[Data shown Boundary: Start]

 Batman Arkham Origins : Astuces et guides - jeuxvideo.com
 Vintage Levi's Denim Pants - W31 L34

[Data shown Boundary: End]
[Data shown Boundary: Start]

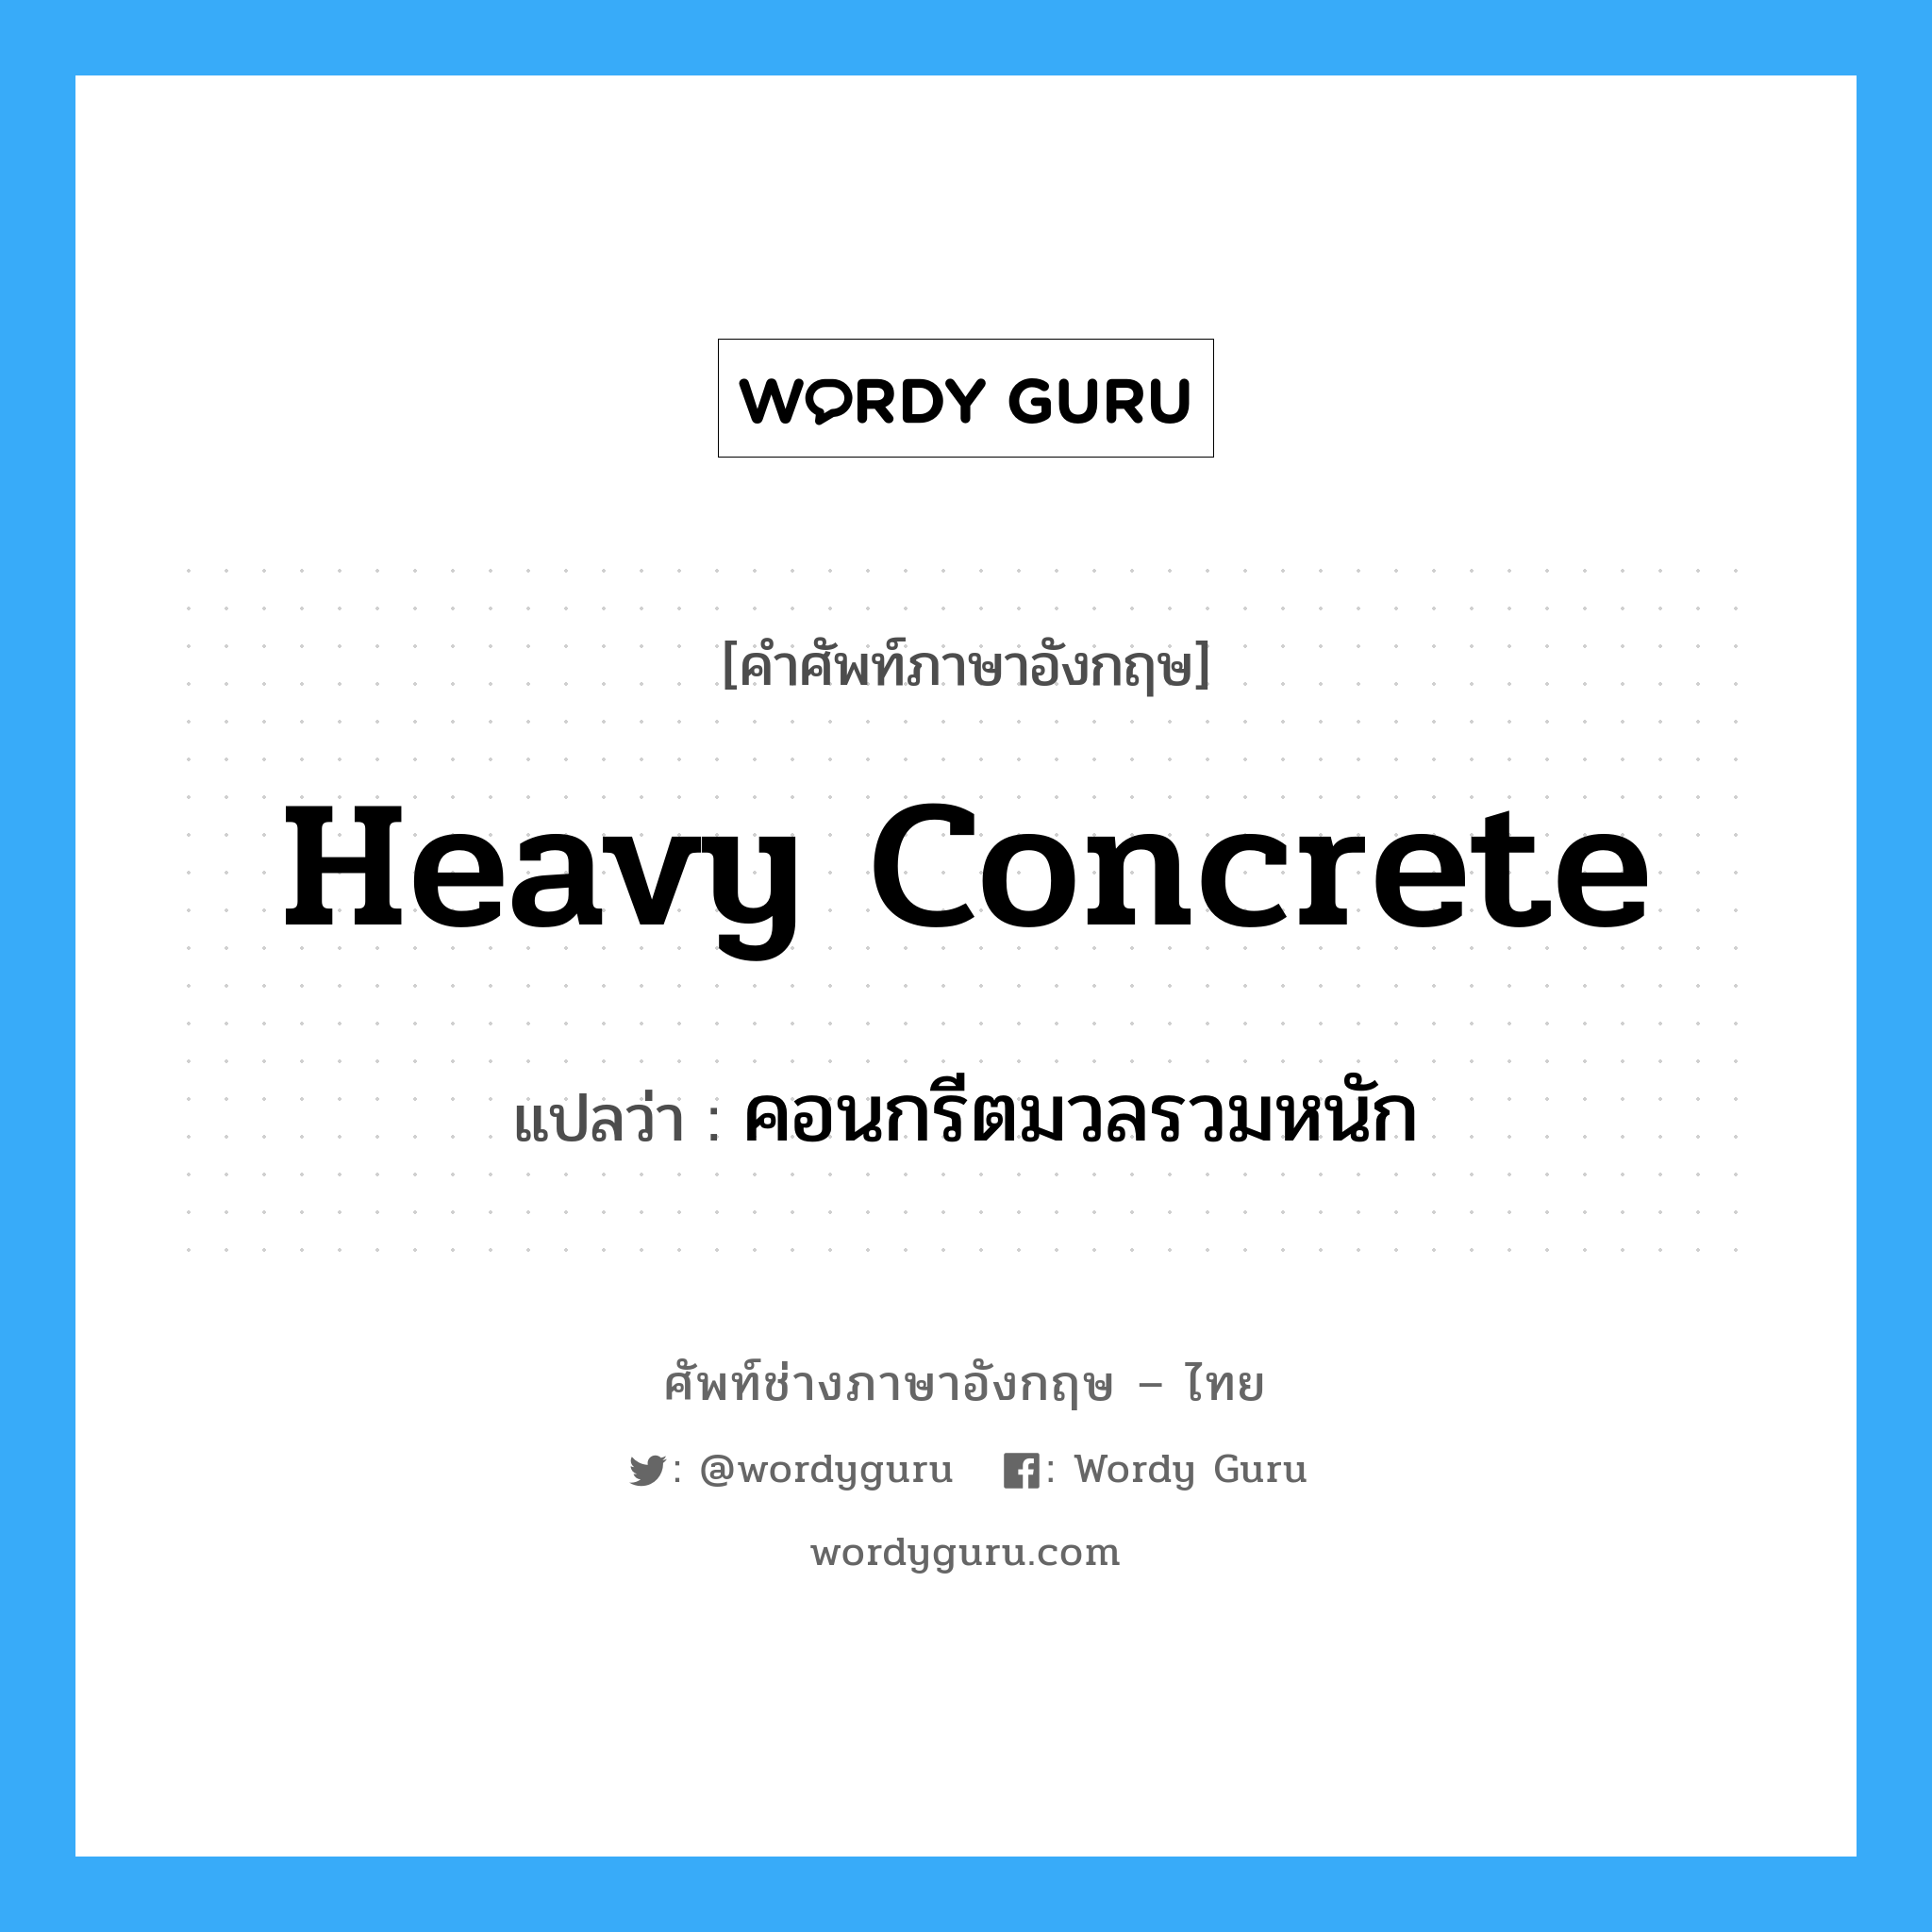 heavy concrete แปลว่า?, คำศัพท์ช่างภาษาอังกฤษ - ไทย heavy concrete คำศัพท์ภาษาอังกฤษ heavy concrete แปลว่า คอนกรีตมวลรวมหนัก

[Data shown Boundary: End]

## Assignment
Leave out every line above except those from the line with "Batman Arkham Origins" up to and including the line with "Vintage Levi's Denim Pants - W31 L34", and copy those exactly.

## Final answer
 Batman Arkham Origins : Astuces et guides - jeuxvideo.com
 Vintage Levi's Denim Pants - W31 L34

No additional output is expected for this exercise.